--- Given entries Enclosed Below ---
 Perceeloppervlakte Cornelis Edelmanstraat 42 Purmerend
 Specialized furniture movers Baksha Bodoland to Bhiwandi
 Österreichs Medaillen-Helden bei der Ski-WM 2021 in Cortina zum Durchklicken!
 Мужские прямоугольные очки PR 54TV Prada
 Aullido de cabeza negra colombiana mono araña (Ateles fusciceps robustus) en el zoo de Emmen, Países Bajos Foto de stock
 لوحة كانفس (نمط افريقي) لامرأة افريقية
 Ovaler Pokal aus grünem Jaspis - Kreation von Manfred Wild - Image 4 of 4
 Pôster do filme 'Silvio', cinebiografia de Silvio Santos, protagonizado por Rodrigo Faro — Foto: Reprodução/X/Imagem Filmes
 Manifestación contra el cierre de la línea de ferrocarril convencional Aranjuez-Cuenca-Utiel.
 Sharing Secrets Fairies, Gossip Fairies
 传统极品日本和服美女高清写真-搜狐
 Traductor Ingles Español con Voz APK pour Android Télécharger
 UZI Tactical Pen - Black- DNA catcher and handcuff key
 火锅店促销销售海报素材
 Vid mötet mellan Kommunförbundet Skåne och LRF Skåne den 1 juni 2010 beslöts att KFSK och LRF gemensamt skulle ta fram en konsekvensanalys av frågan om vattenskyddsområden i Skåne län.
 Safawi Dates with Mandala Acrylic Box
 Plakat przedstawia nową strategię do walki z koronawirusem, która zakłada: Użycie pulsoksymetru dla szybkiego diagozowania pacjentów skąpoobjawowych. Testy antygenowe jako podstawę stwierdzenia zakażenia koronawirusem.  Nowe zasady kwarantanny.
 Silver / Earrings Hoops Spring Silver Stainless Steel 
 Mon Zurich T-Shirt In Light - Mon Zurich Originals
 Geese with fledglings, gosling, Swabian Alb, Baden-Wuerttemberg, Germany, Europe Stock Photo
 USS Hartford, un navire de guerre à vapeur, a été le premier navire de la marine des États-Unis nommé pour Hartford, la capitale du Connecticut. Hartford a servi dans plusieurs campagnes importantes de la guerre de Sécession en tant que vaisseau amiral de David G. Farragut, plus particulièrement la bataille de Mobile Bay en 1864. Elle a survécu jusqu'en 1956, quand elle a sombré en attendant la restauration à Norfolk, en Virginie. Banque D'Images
--- End of Enclosed Given entries ---
▶ _Activity_
Only the lines above from the line containing "Vid mötet mellan" through the line containing "Geese with fledglings, gosling, Swabian" should be retyped, exactly and with both ends included.

▶ _Solution to this problem_
 Vid mötet mellan Kommunförbundet Skåne och LRF Skåne den 1 juni 2010 beslöts att KFSK och LRF gemensamt skulle ta fram en konsekvensanalys av frågan om vattenskyddsområden i Skåne län.
 Safawi Dates with Mandala Acrylic Box
 Plakat przedstawia nową strategię do walki z koronawirusem, która zakłada: Użycie pulsoksymetru dla szybkiego diagozowania pacjentów skąpoobjawowych. Testy antygenowe jako podstawę stwierdzenia zakażenia koronawirusem.  Nowe zasady kwarantanny.
 Silver / Earrings Hoops Spring Silver Stainless Steel 
 Mon Zurich T-Shirt In Light - Mon Zurich Originals
 Geese with fledglings, gosling, Swabian Alb, Baden-Wuerttemberg, Germany, Europe Stock Photo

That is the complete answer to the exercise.